Firm name: MEP Associates, LLC
Project type, building type: Geothermal conversion and new district energy stations, school (college, university)
Project duration: 5 years
Project completion date: 2014
Project budget for mechanical, electrical, plumbing, fire protection engineering only: $6.5 million
Accurately identifying the campus thermal profile and evaluating the current building systems in order to determine correct sizing of the well fields and the new distribution system; phasing and transformation of an existing campus system to a new geothermal system while maintaining operations and use of the campus; and creating a highly efficient system in order to reduce the overall energy costs while remaining committed to providing a sustainable, healthy campus and community.

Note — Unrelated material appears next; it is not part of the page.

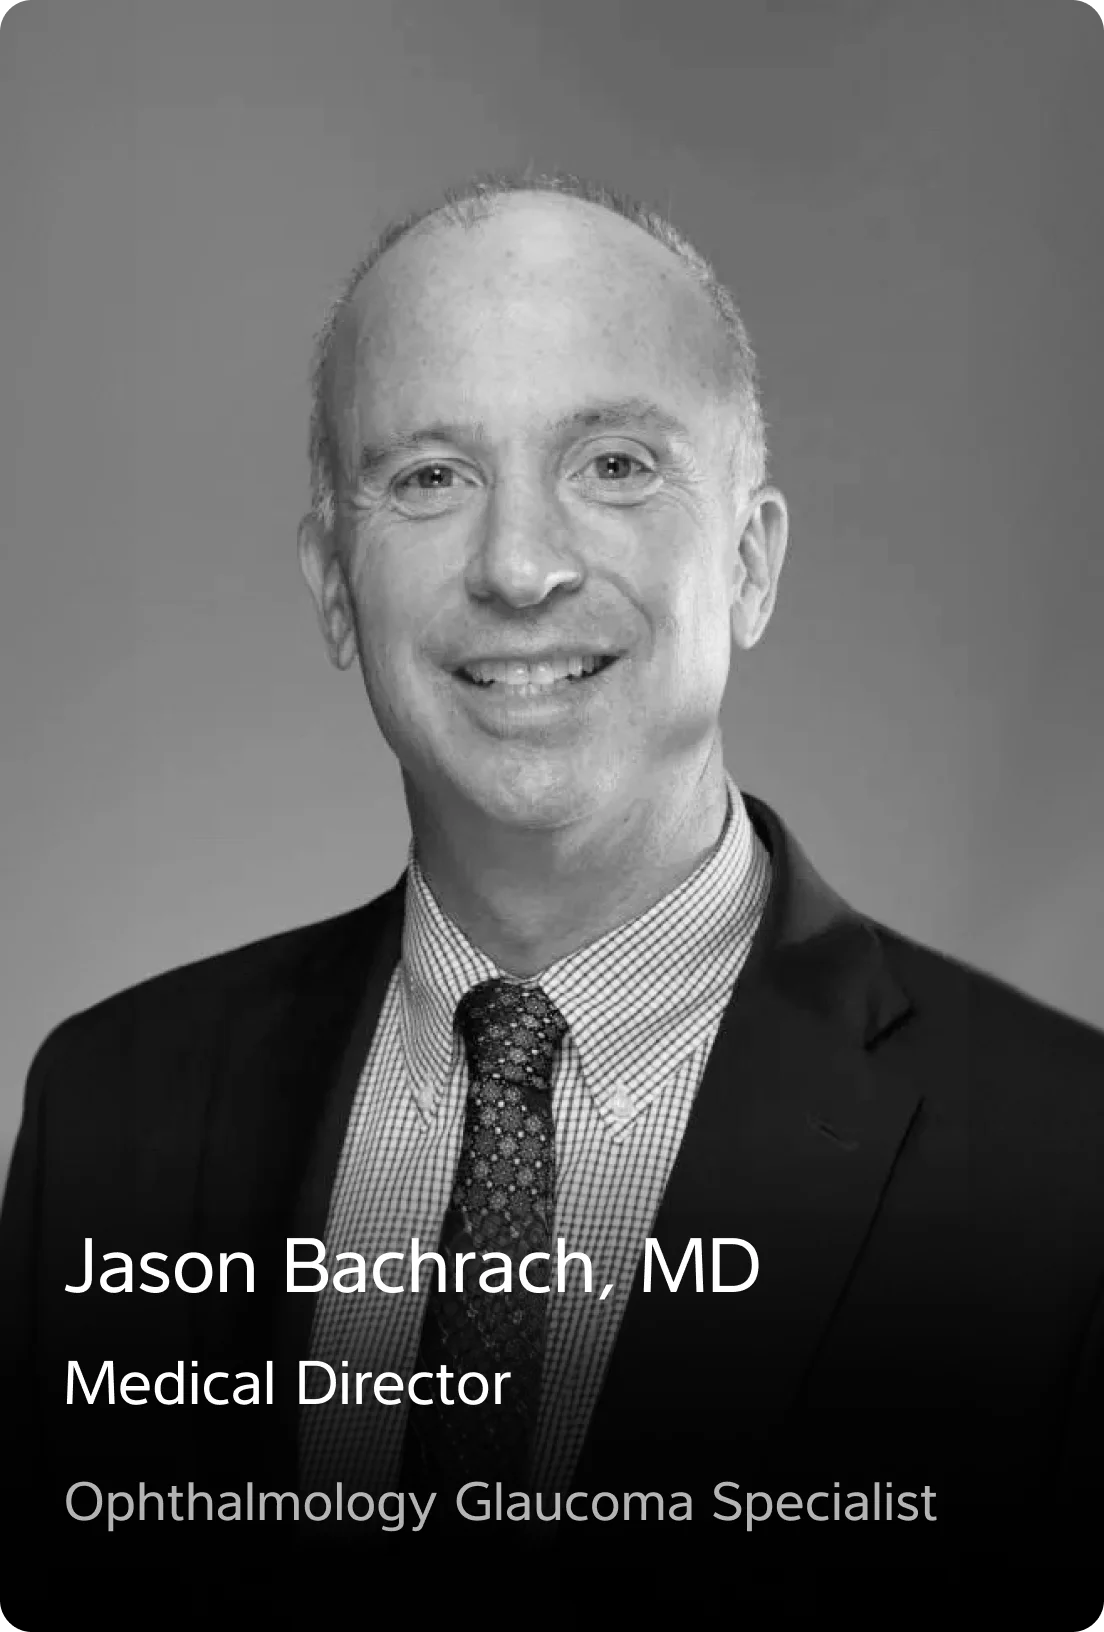 Jason Bachrach, MD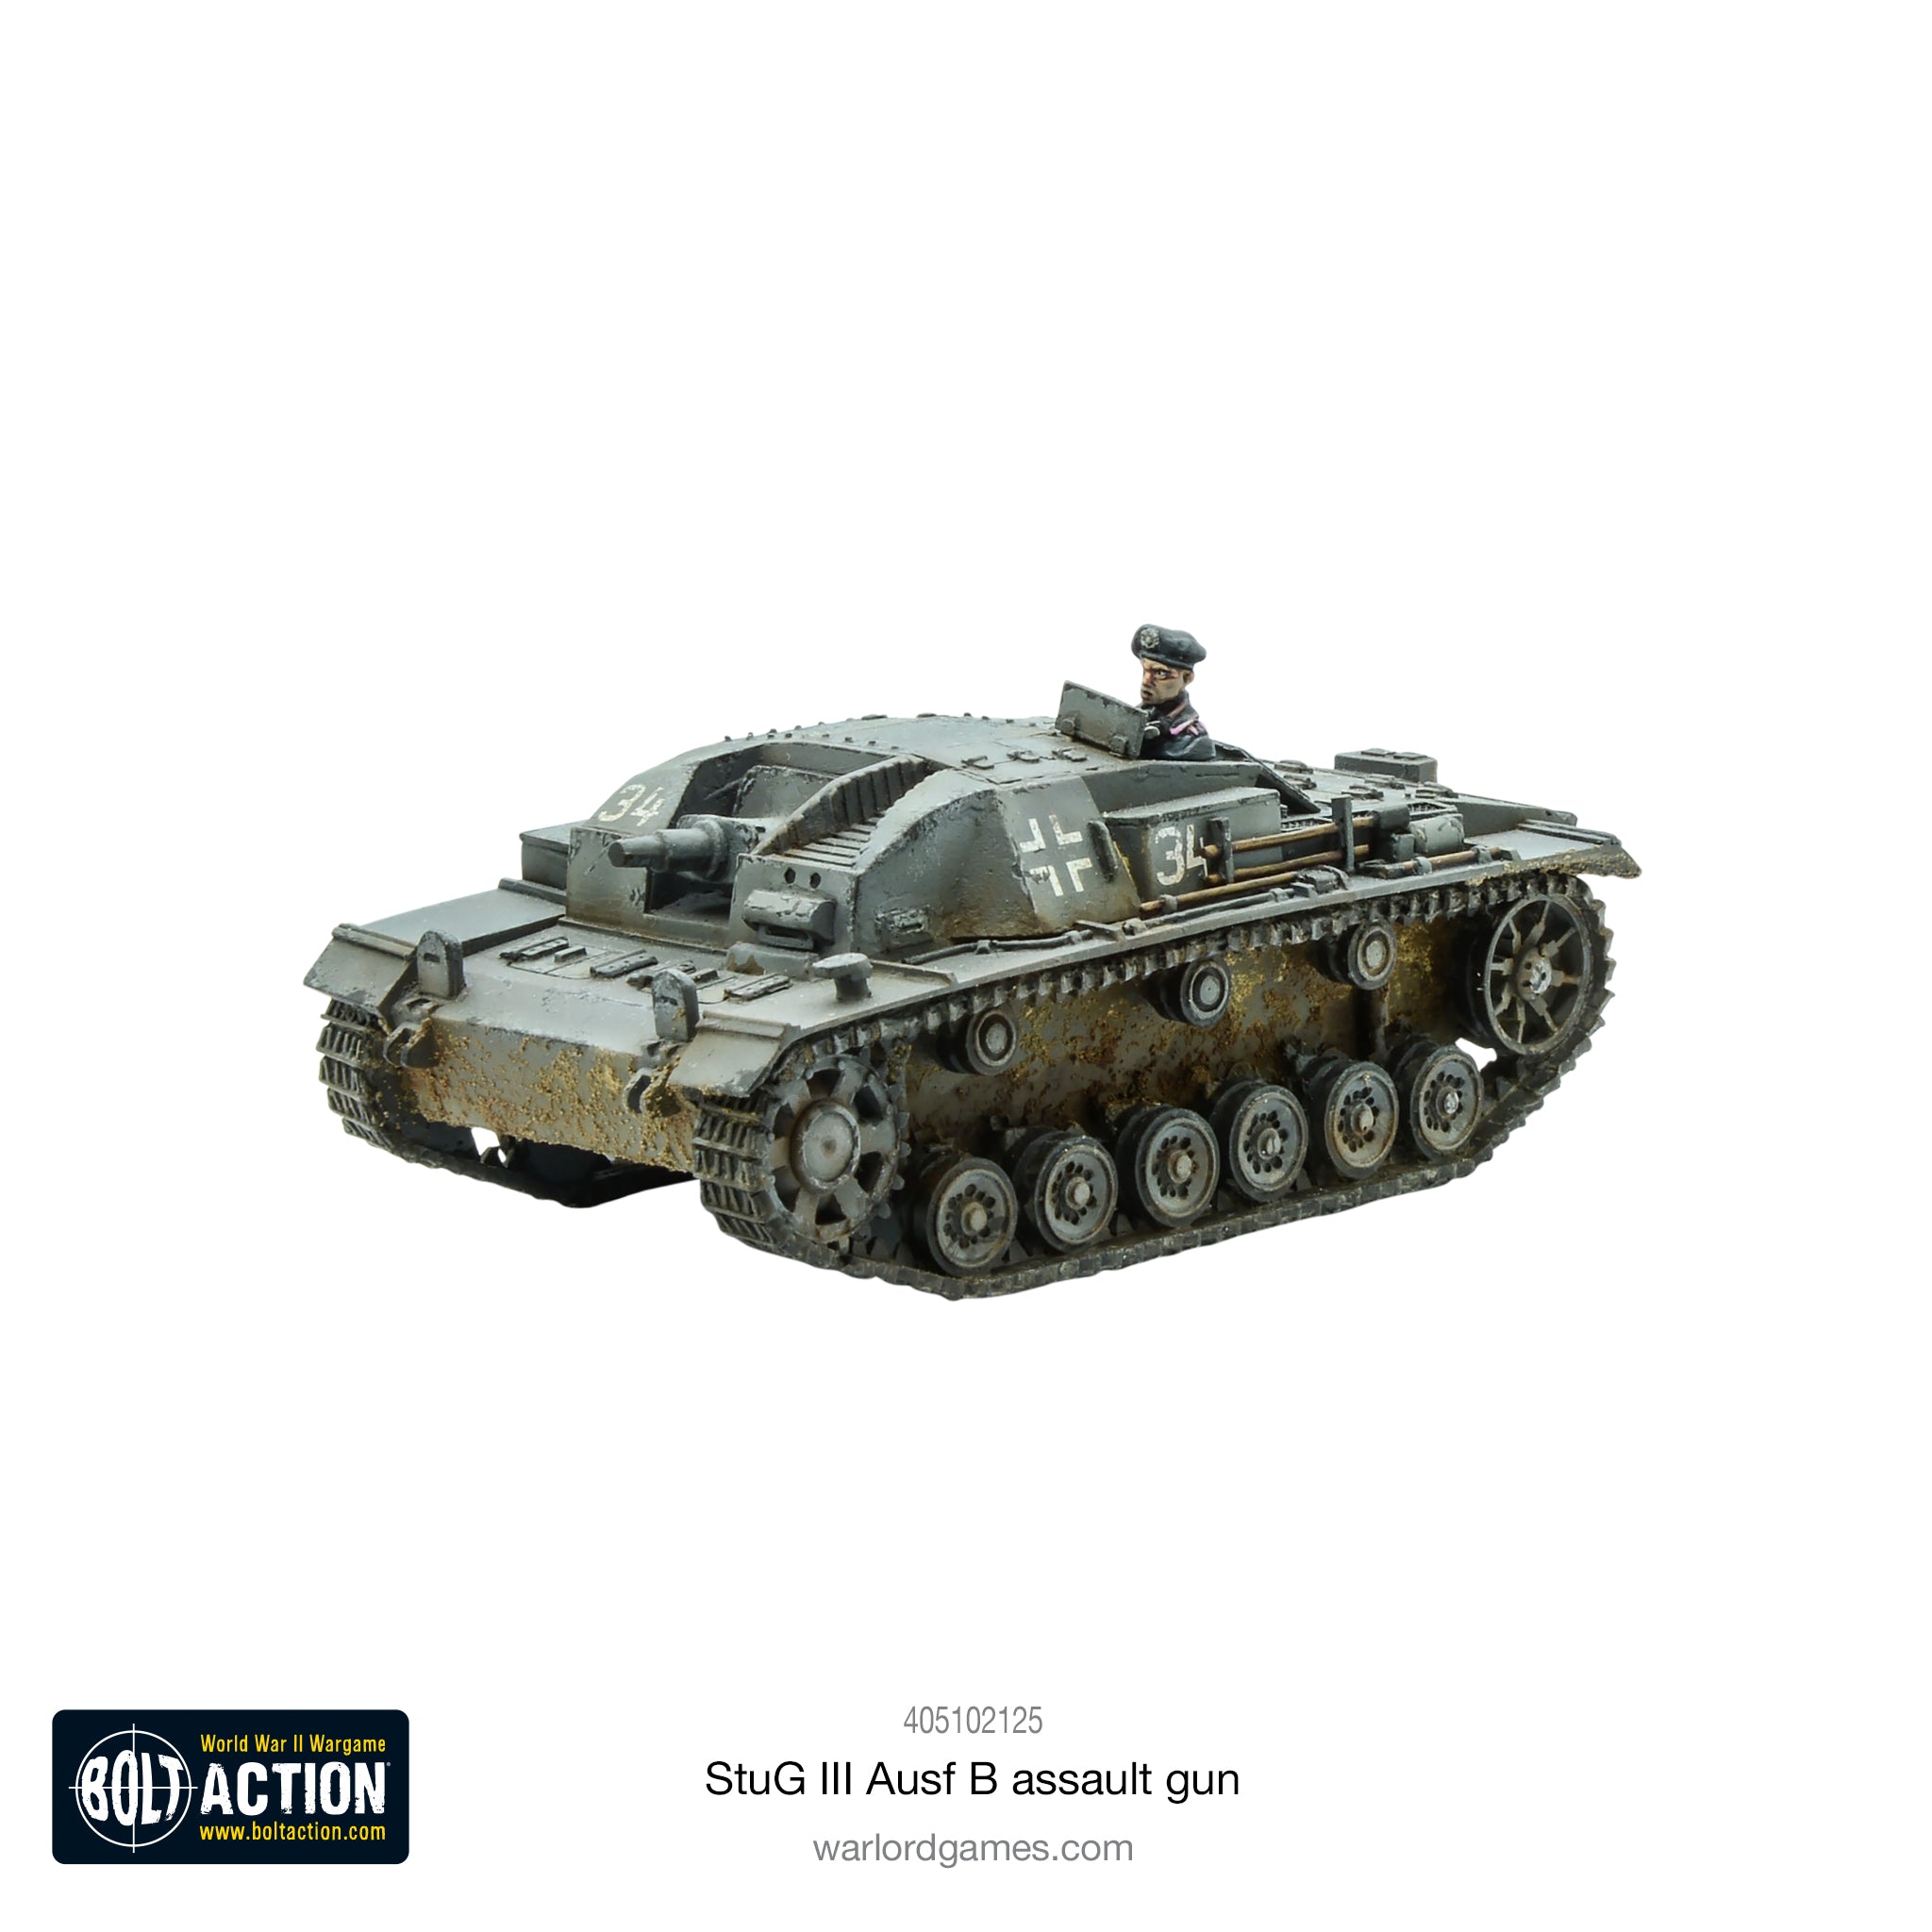 StuG III Ausf B assault gun

The team at MEP started working with Ball State University in the spring of 2009 to design the largest ground-source, closed-loop district geothermal heating and cooling system in the nation. The systems feature 3,600 vertical bore holes, at 400-500 ft each; 10 miles of buried distribution piping; 1,000 miles of loop field pipe; two district energy stations; four 2,500-ton heat pump chillers; and over 40 building conversions totaling approximately 5,600,000 sq ft. The project will be installed in two major phases. The first phase began with the conversion to geothermal on half the campus and construction of the new 12,000-sq-ft District Energy Station North to house two compound centrifugal compressor heat pump chillers. This included the installation of distribution piping to buildings on the north half of campus, two well fields, and the conversion of 19 campus buildings to geothermal heating and cooling. Approximately 10 miles of hot and chilled water supply and return distribution piping was buried or installed in existing utility tunnels. Once completed, the new system will save the university $2 million in annual energy cost. By not burning 36,000 tons of coal each year, the university will eliminate 85,000 tons of carbon dioxide emissions, 240 tons of nitrogen oxide, 200 tons of particulate matter, 80 tons of carbon monoxide, 1,400 tons of sulfur dioxide and 3,400 tons of coal ash annually. Eliminating four coal burning boilers, this project will help Ball State University eliminate approximately one-half of its current campus carbon footprint.